🤖 AI Summary
This study critically examines the widely held assumption that classical Chinese resources inherently benefit cross-lingual transfer for historical East Asian Sinitic texts (e.g., Korean and Japanese classical Chinese manuscripts). Method: We propose a multi-task evaluation framework—encompassing machine translation, named entity recognition (NER), and punctuation restoration—to empirically assess transfer efficacy across model scales and domain-specific datasets. Contribution/Results: Our findings reveal negligible gains from classical Chinese pretraining: improvements are statistically marginal and only observable under extreme low-resource conditions (≤1k annotated local sentences), with maximal gains of ΔF1 ≤ 0.0068 for NER and ΔBLEU ≤ +0.84 for translation; benefits vanish rapidly as local data volume increases.
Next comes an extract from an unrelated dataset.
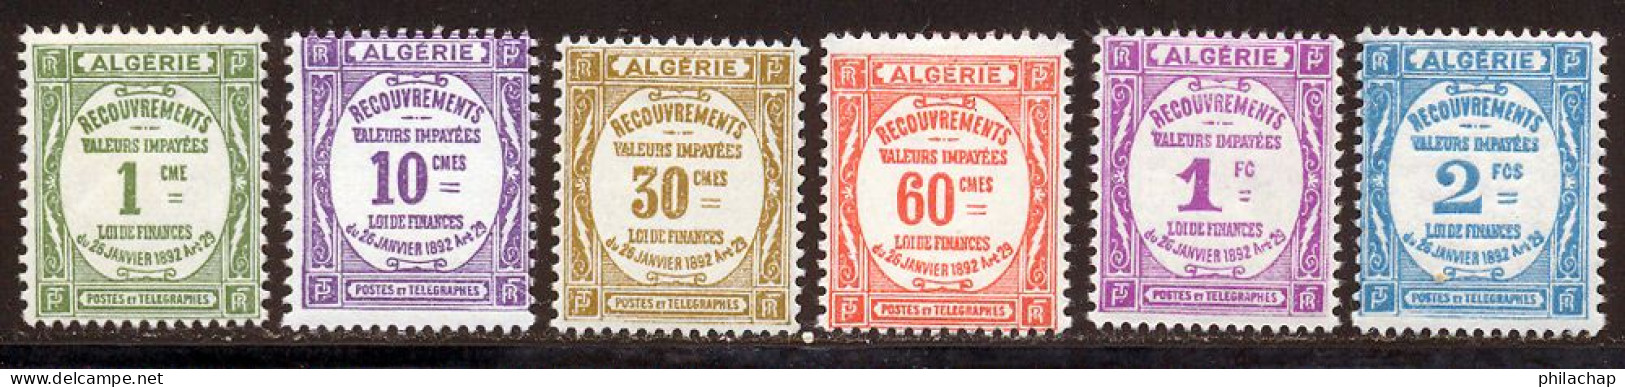 Algerie Taxe 1926 Yvert 15 / 20 * TB Charniere(s) - Strafport

This work provides the first empirical evidence that classical Chinese’s cross-lingual transfer value for Sinitic text processing is highly conditional—challenging prevailing resource selection paradigms—and offers methodological insights and data strategy guidance for historical East Asian NLP.
📝 Abstract
Historical documents in the Sinosphere are known to share common formats and practices, particularly in veritable records compiled by court historians. This shared linguistic heritage has led researchers to use Classical Chinese resources for cross-lingual transfer when processing historical documents from Korea and Japan, which remain relatively low-resource. In this paper, we question the assumption of cross-lingual transferability from Classical Chinese to Hanja and Kanbun, the ancient written languages of Korea and Japan, respectively. Our experiments across machine translation, named entity recognition, and punctuation restoration tasks show minimal impact of Classical Chinese datasets on language model performance for ancient Korean documents written in Hanja, with performance differences within $pm{}0.0068$ F1-score for sequence labeling tasks and up to $+0.84$ BLEU score for translation. These limitations persist consistently across various model sizes, architectures, and domain-specific datasets. Our analysis reveals that the benefits of Classical Chinese resources diminish rapidly as local language data increases for Hanja, while showing substantial improvements only in extremely low-resource scenarios for both Korean and Japanese historical documents. These findings emphasize the need for careful empirical validation rather than assuming benefits from indiscriminate cross-lingual transfer.